For the material below, return exactly the lines starting at the one holding "威胜集团生产车间引入智能化生产线与智能协作机器人，生产效率得以大幅提升。 长沙晚报全媒体记者 王志伟" and ending at the one holding "Sony Bravia TV", counting both as part of the range.

— Input material —
==============================

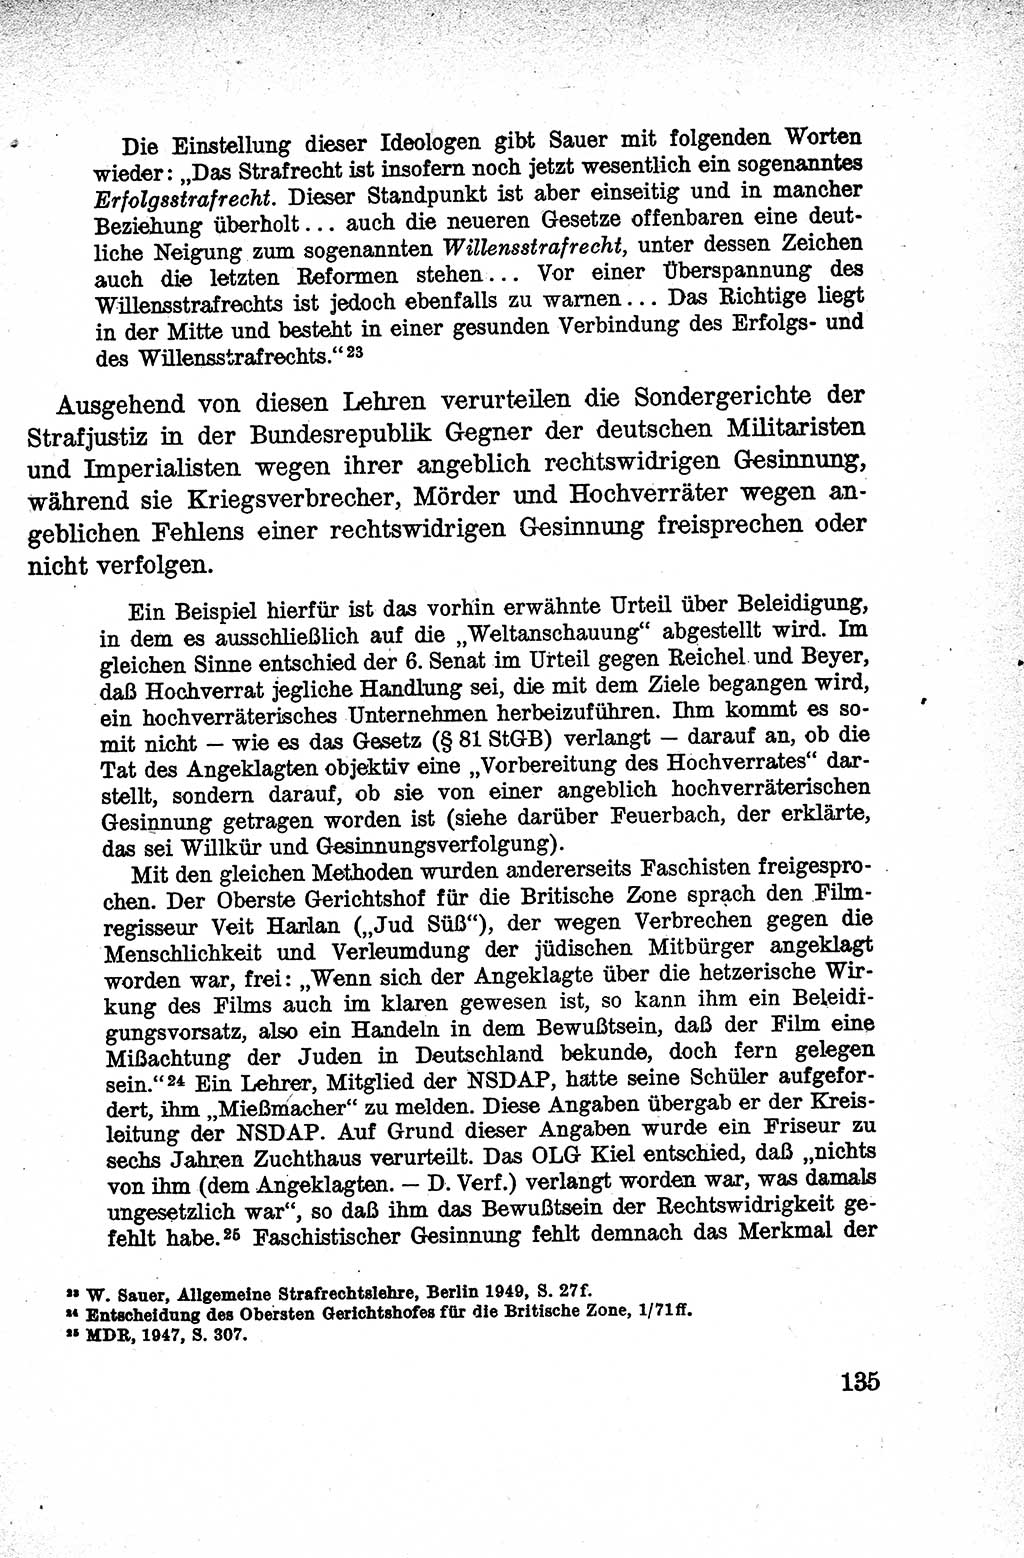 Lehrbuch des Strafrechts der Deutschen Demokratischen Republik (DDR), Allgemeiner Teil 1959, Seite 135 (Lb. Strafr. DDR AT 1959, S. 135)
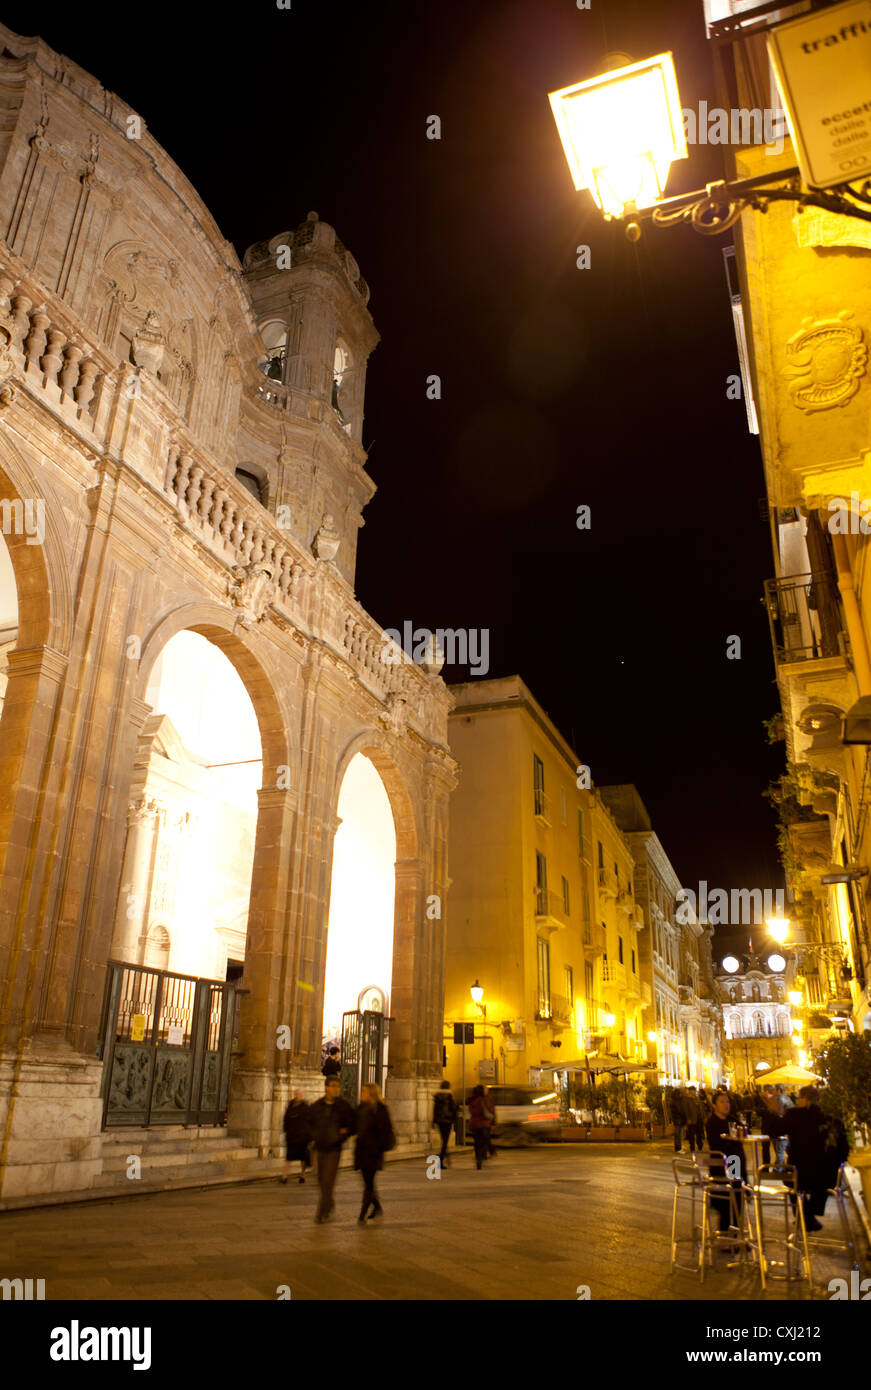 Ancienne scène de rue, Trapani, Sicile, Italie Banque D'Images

==============================

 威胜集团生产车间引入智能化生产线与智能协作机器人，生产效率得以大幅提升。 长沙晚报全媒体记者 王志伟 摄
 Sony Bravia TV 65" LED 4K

==============================

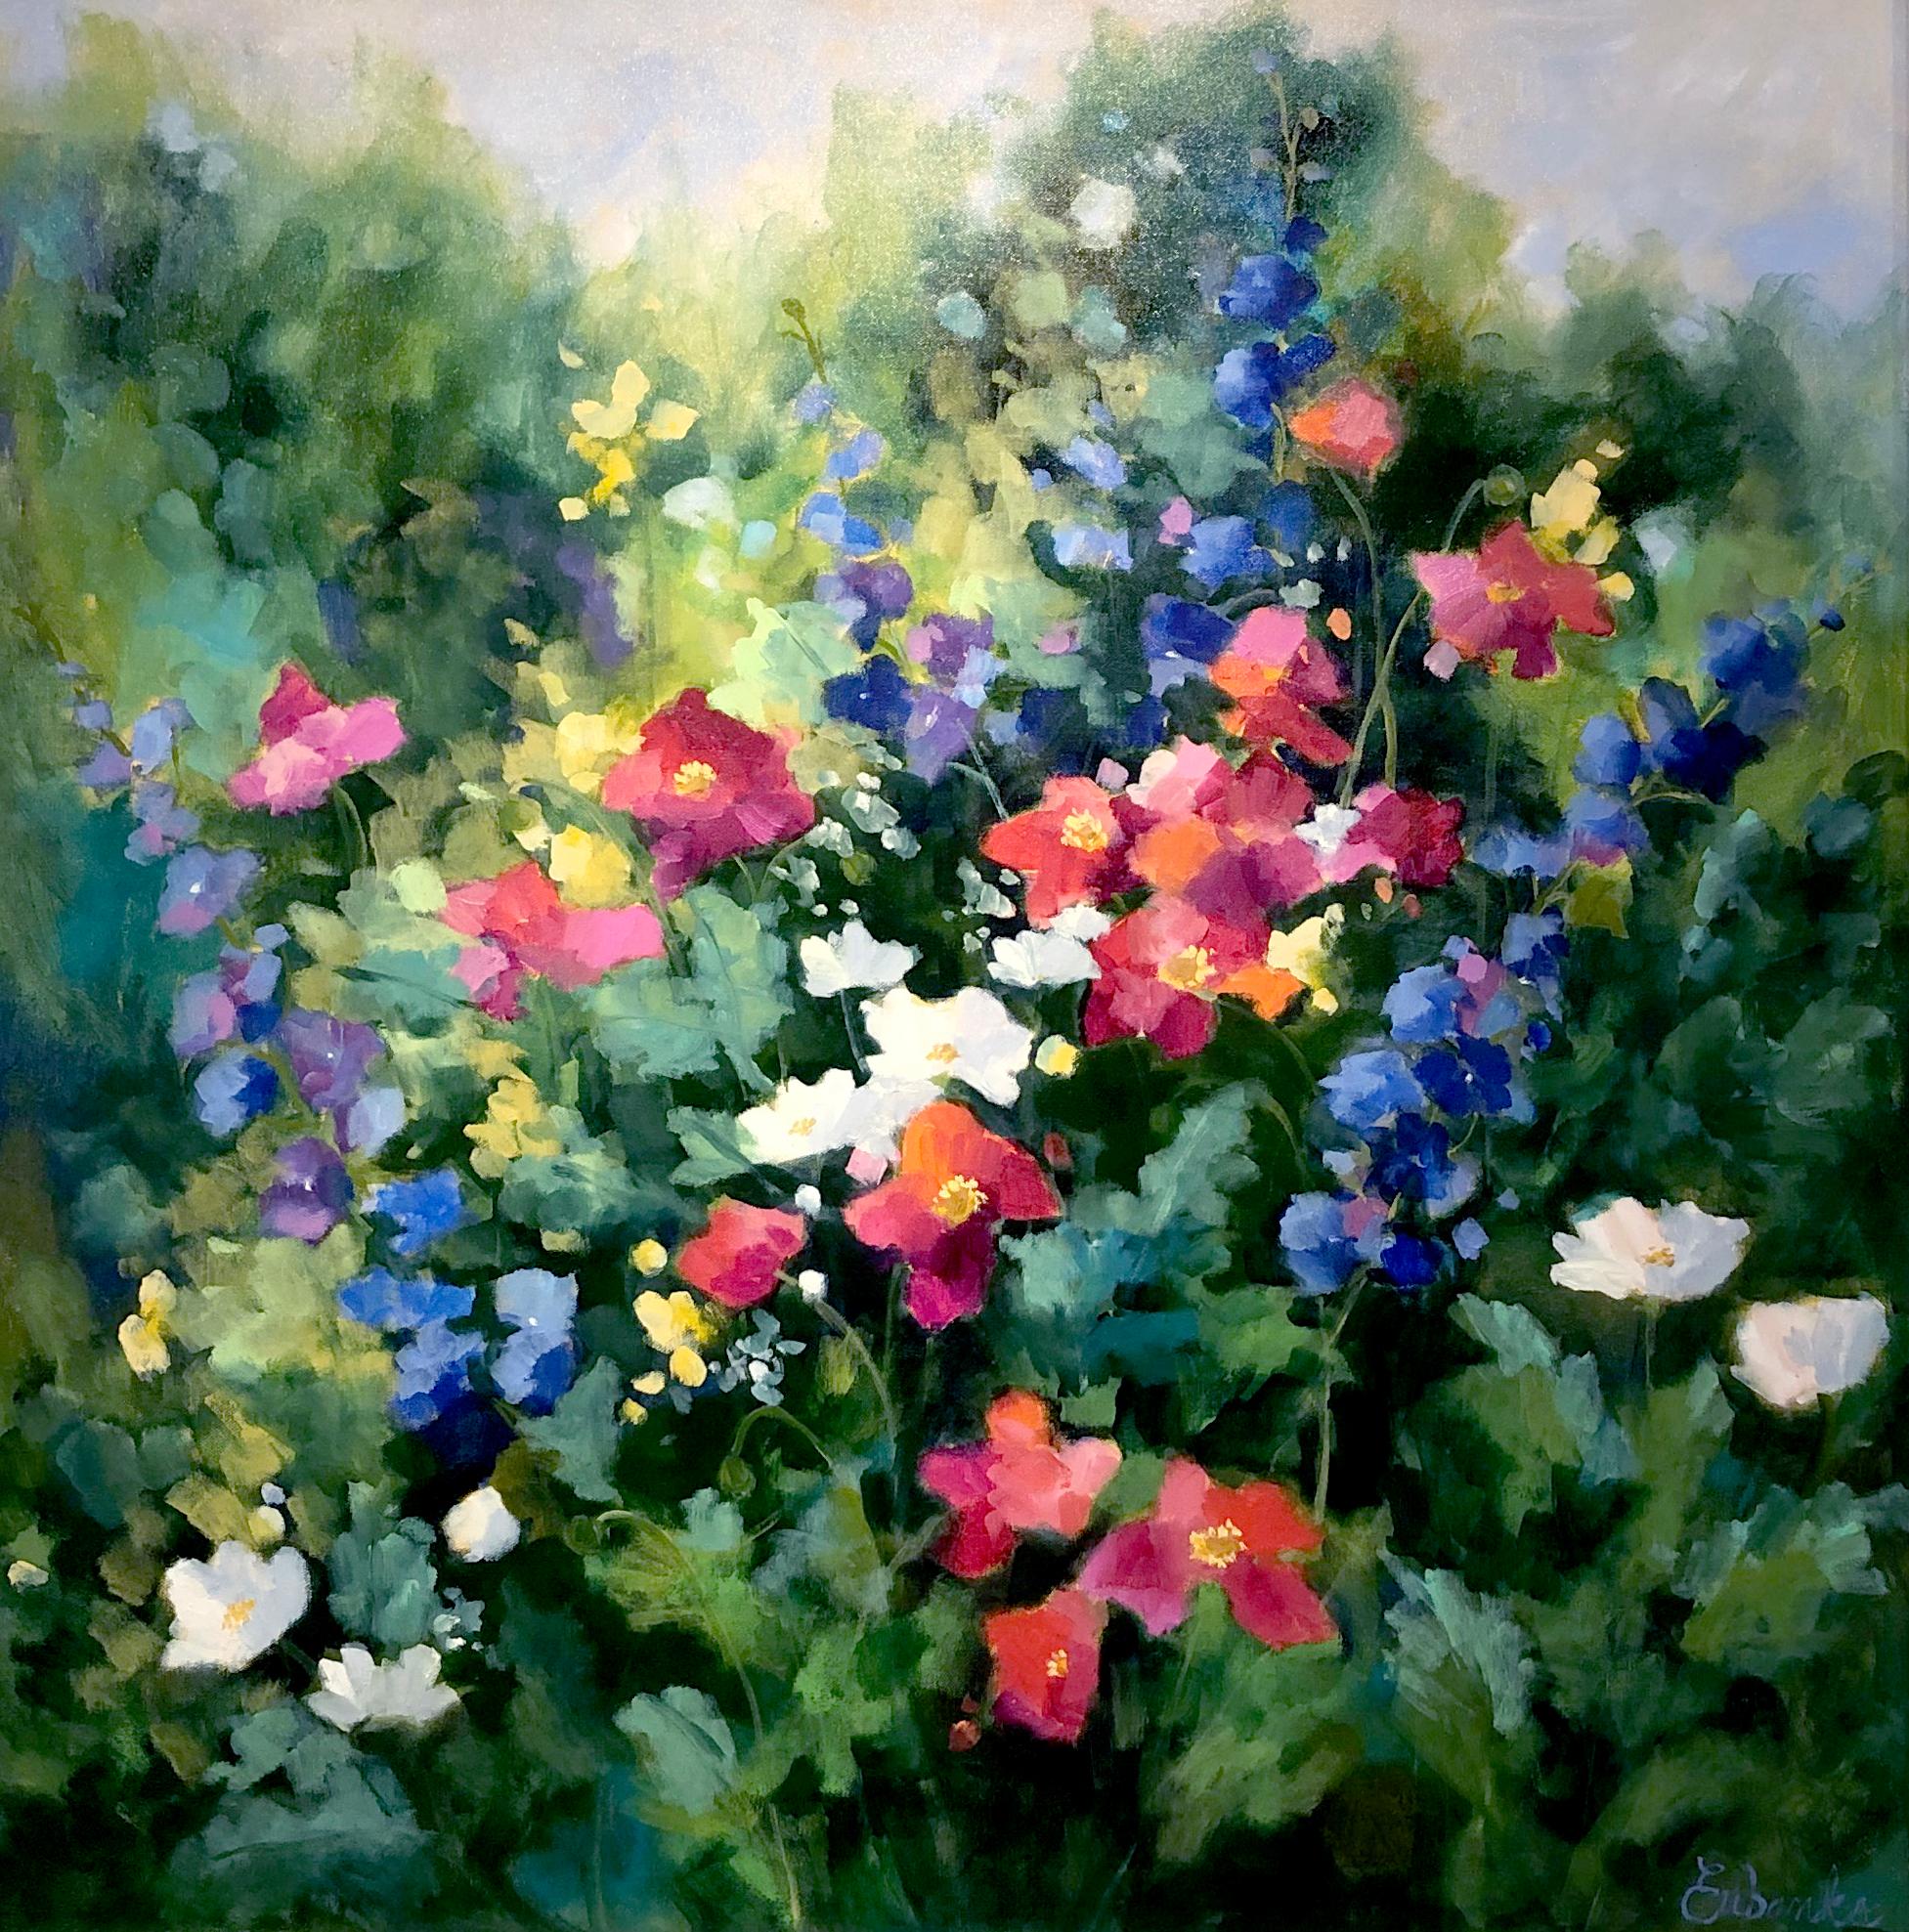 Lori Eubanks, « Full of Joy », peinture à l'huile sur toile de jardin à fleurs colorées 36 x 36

==============================

— Answer to the exercise —
 威胜集团生产车间引入智能化生产线与智能协作机器人，生产效率得以大幅提升。 长沙晚报全媒体记者 王志伟 摄
 Sony Bravia TV 65" LED 4K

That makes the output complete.